Researchers have discovered a possible link between family genetics and the underlying cause of cerebral palsy.

A new study conducted by Norwegian researchers investigated cerebral palsy over a broad range of family relationships, the first of its kind to include such a wide spectrum.

According to the Centers for Disease Control and Prevention (CDC), cerebral palsy is the most common cause of physical disability in childhood in the world, with over four per 1,000 live births resulting in the disease.

Until now, positive findings were difficult to duplicate in previous studies looking at family links to cerebral palsy. The researchers from Norway therefore decided to analyze the recurrence of cerebral palsy among family members, including twins, as well as first, second and third degree relatives in an effort to determine any possible patterns of inheritance.

Nearly two million single births and over 45,000 twins born in Norway between 1967 and 2002 were examined. They found that the prevalence of cerebral palsy was 1.8 per 1,000 born within this time period, with the rate being higher (5.1 per 1,000 live births) among twins.

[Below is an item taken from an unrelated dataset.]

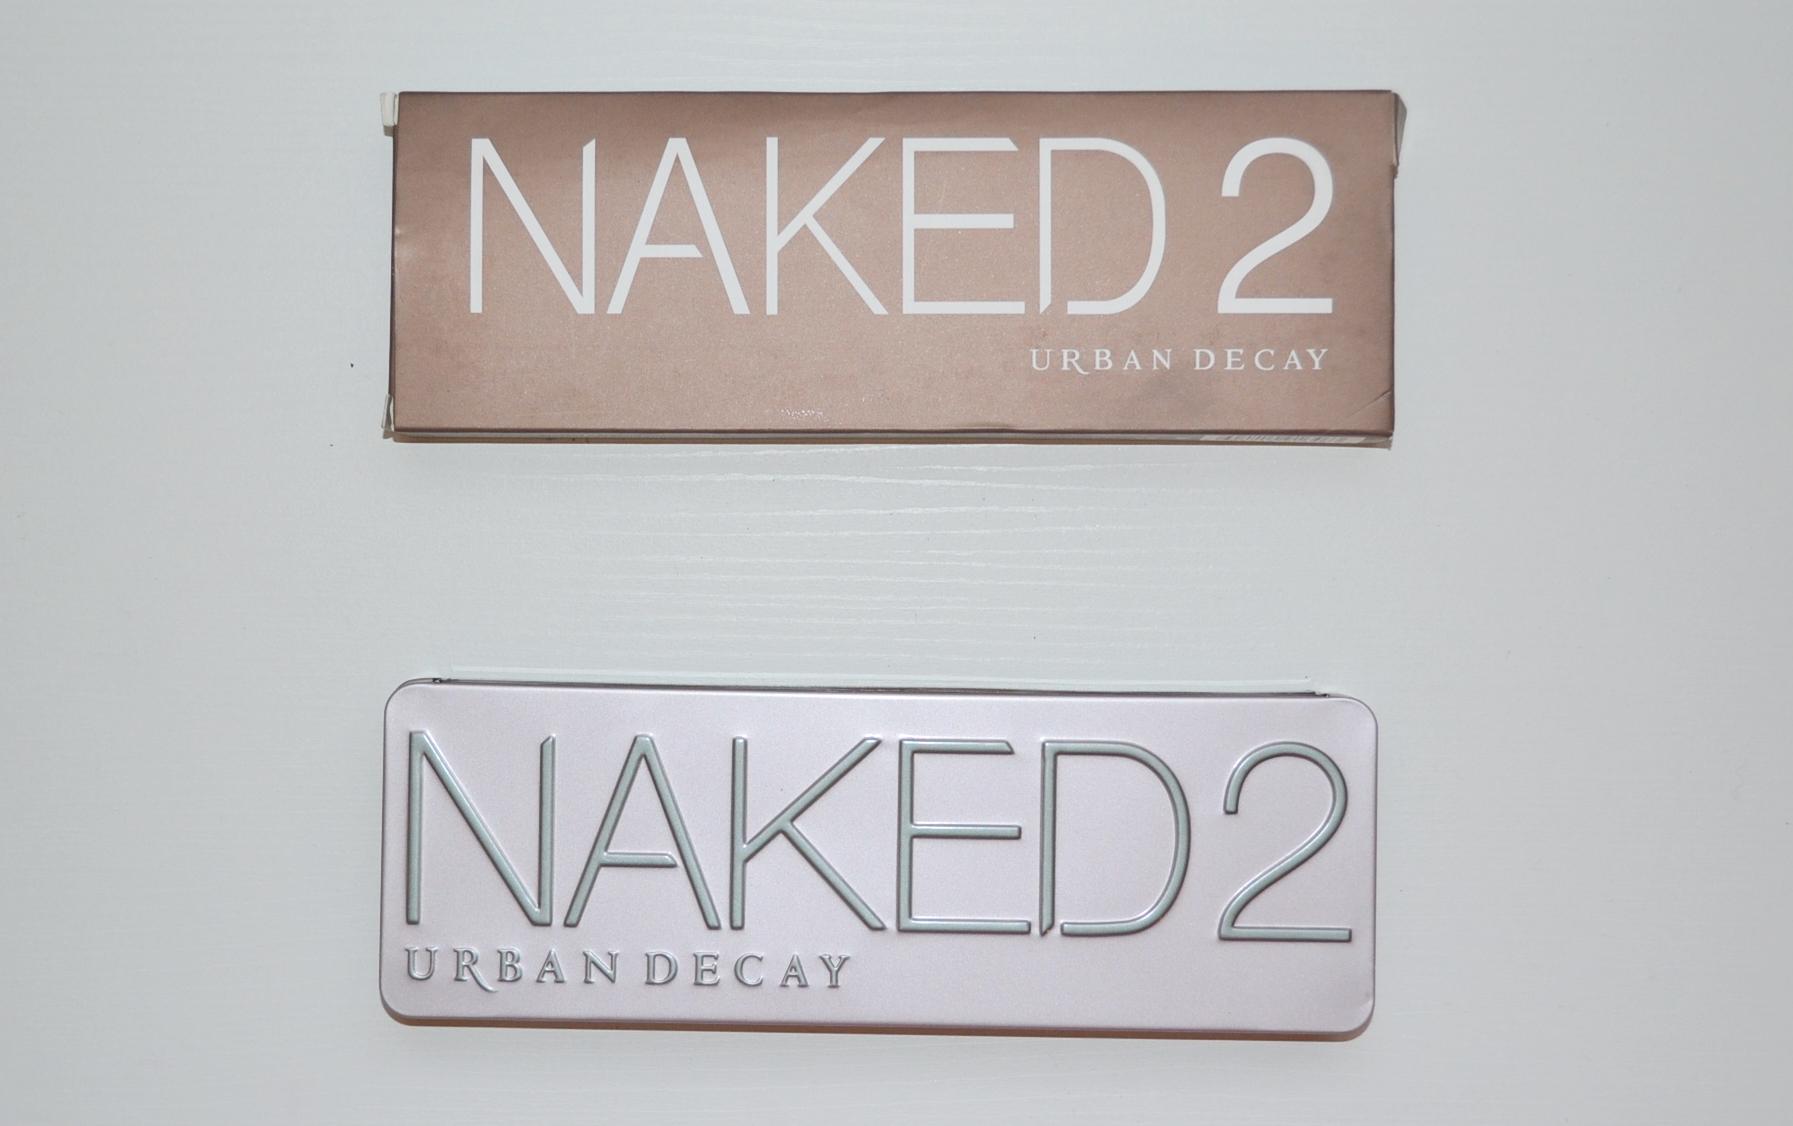 paleta+naked+2+urban+decay+replica+cinderela+de+mentira+1

Children were six to nine times more likely to have cerebral palsy in families where a single child was affected. Second degree relatives were up to three times more likely to be born with the disease.

“Our data suggest that cerebral palsy includes a genetic component, with a stronger recurrence among relatives with closer genetic relationship,” say the researchers, and that the underlying causes of the condition “extend beyond the clinical management of delivery,” said the researchers in a statement.